PROBLEM DESCRIPTION —
Strip the pictures, then copy the remaining data exactly as it stands.

COLLECTED DATA —
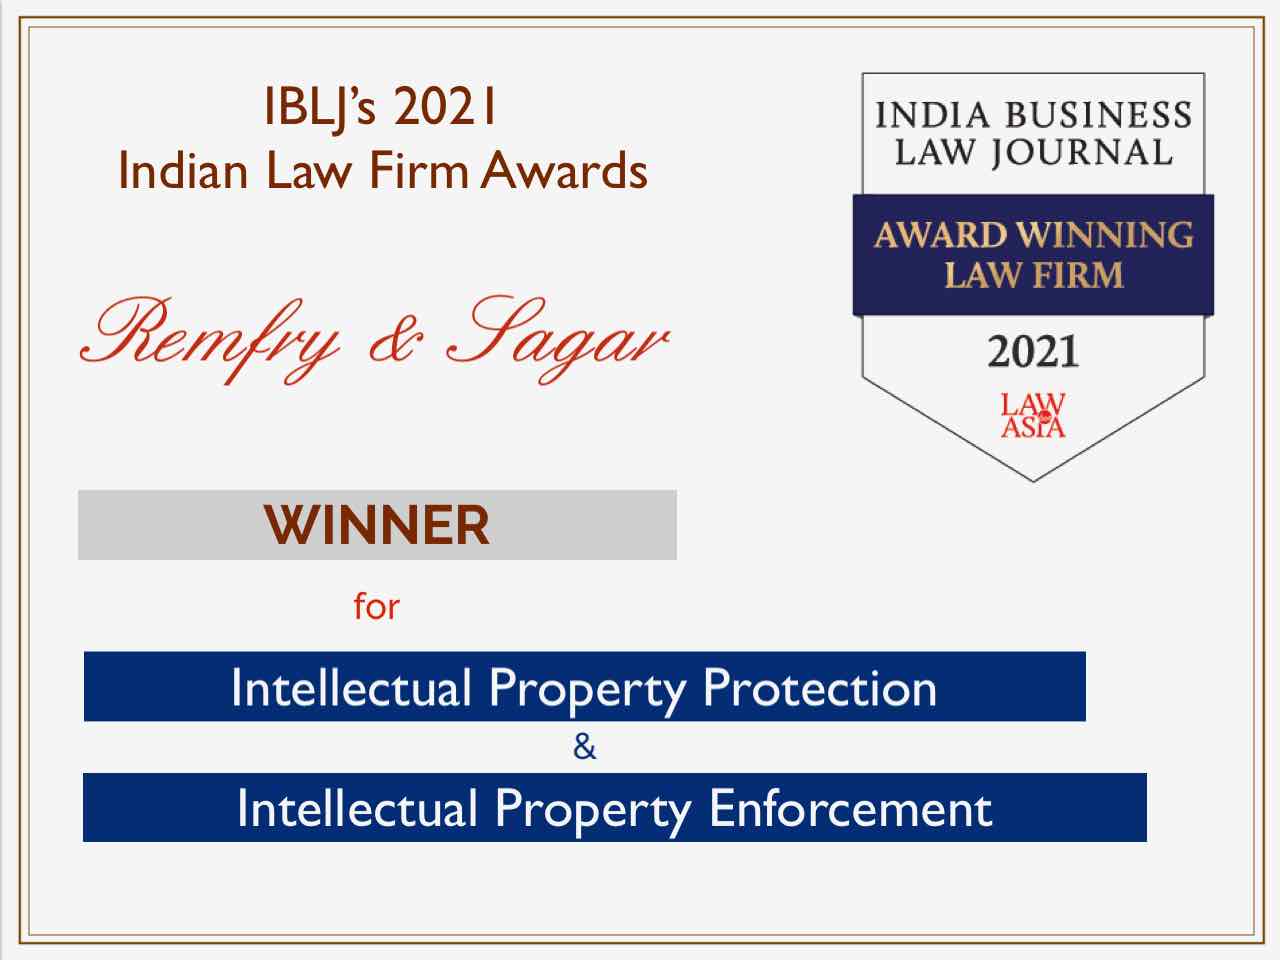 IBLJ’s 2021 Indian Law Firm Awards
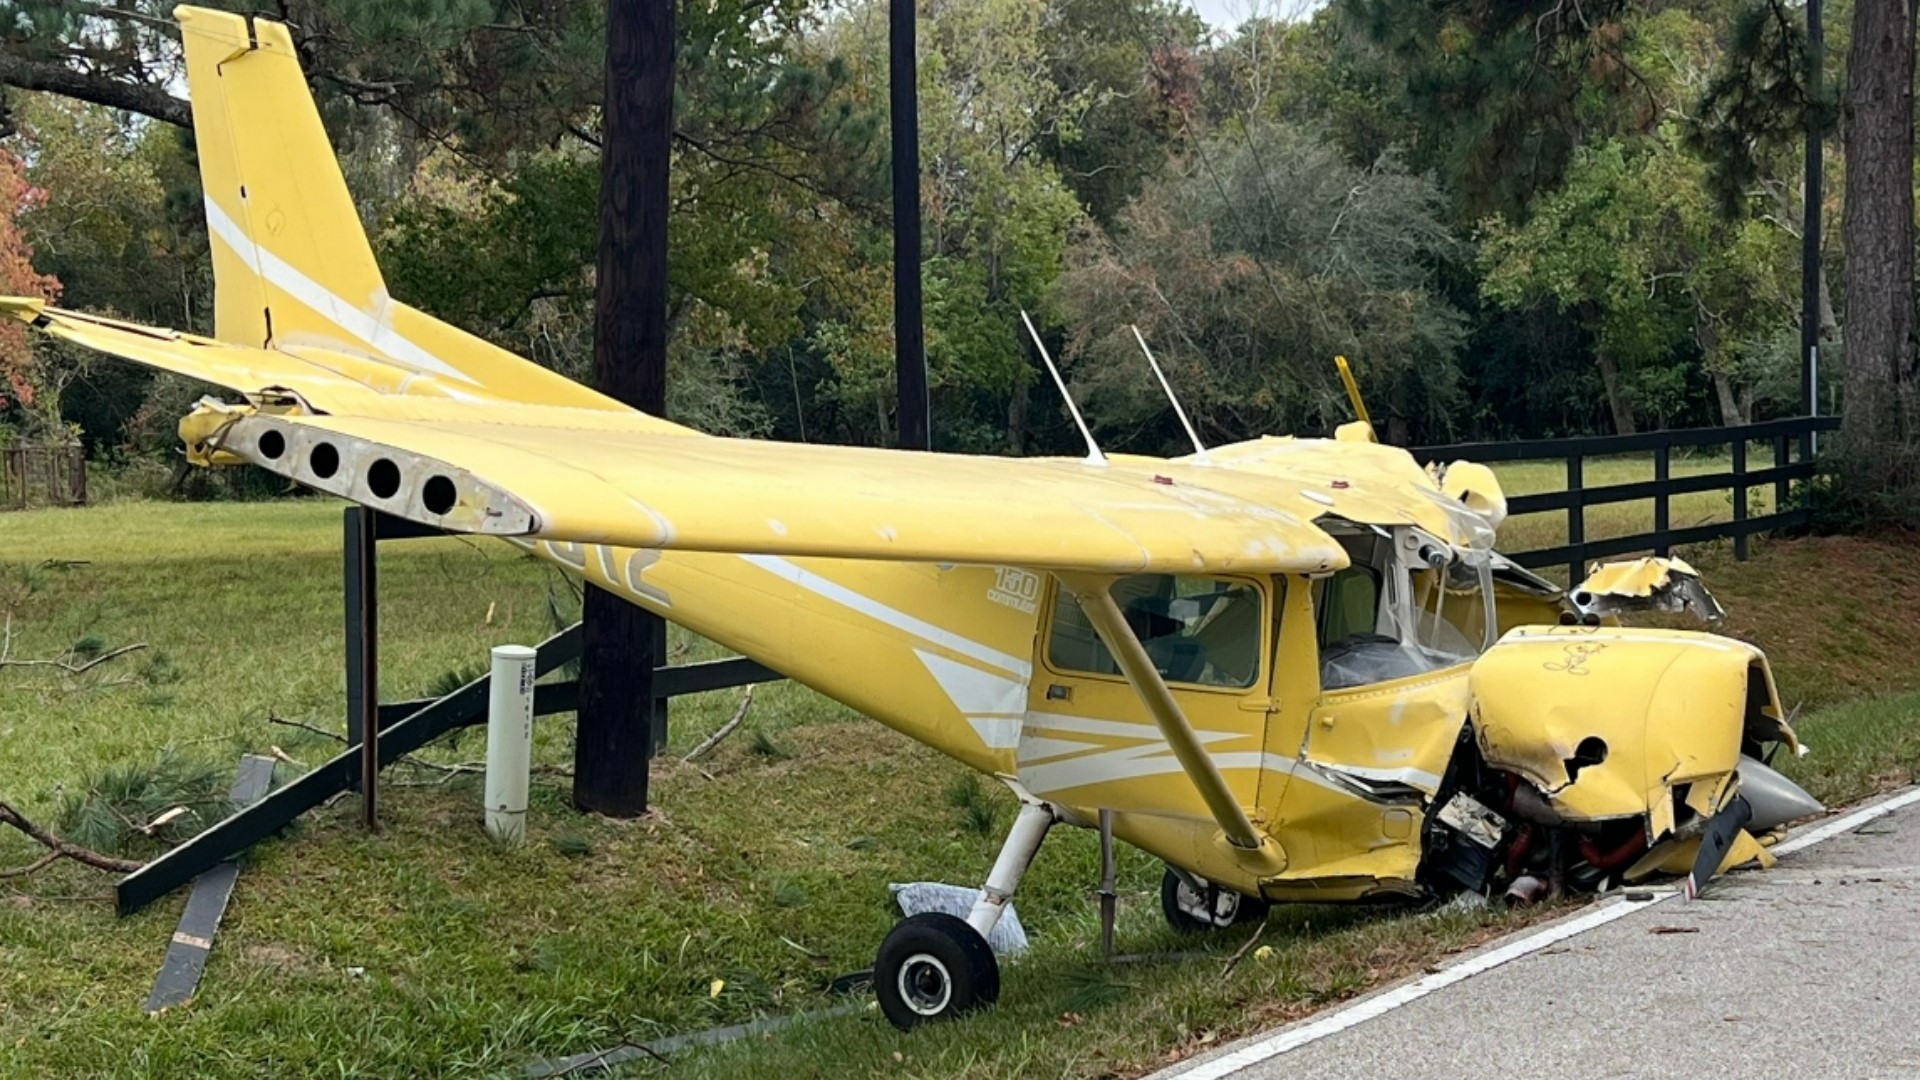 Officials said a small plane crashed in the Cypress area on Sunday. Two people were injured but are expected to survive.
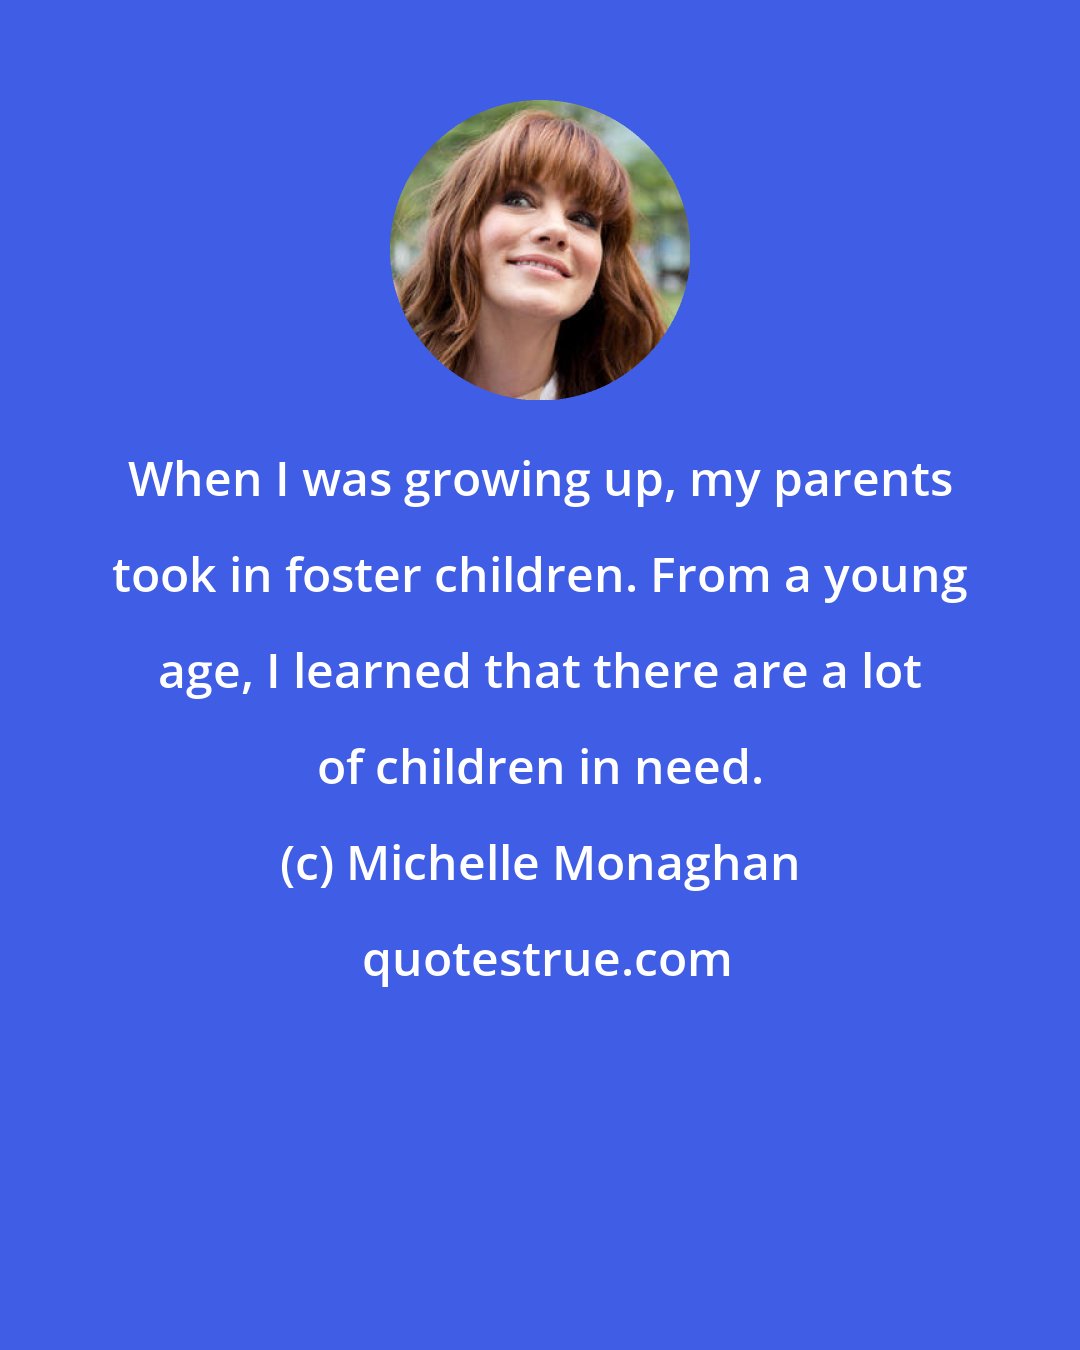 Michelle Monaghan: When I was growing up, my parents took in foster children. From a young age, I learned that there are a lot of children in need.

SOLUTION FOR THIS EXERCISE —
 IBLJ’s 2021 Indian Law Firm Awards
 Officials said a small plane crashed in the Cypress area on Sunday. Two people were injured but are expected to survive.
 Michelle Monaghan: When I was growing up, my parents took in foster children. From a young age, I learned that there are a lot of children in need.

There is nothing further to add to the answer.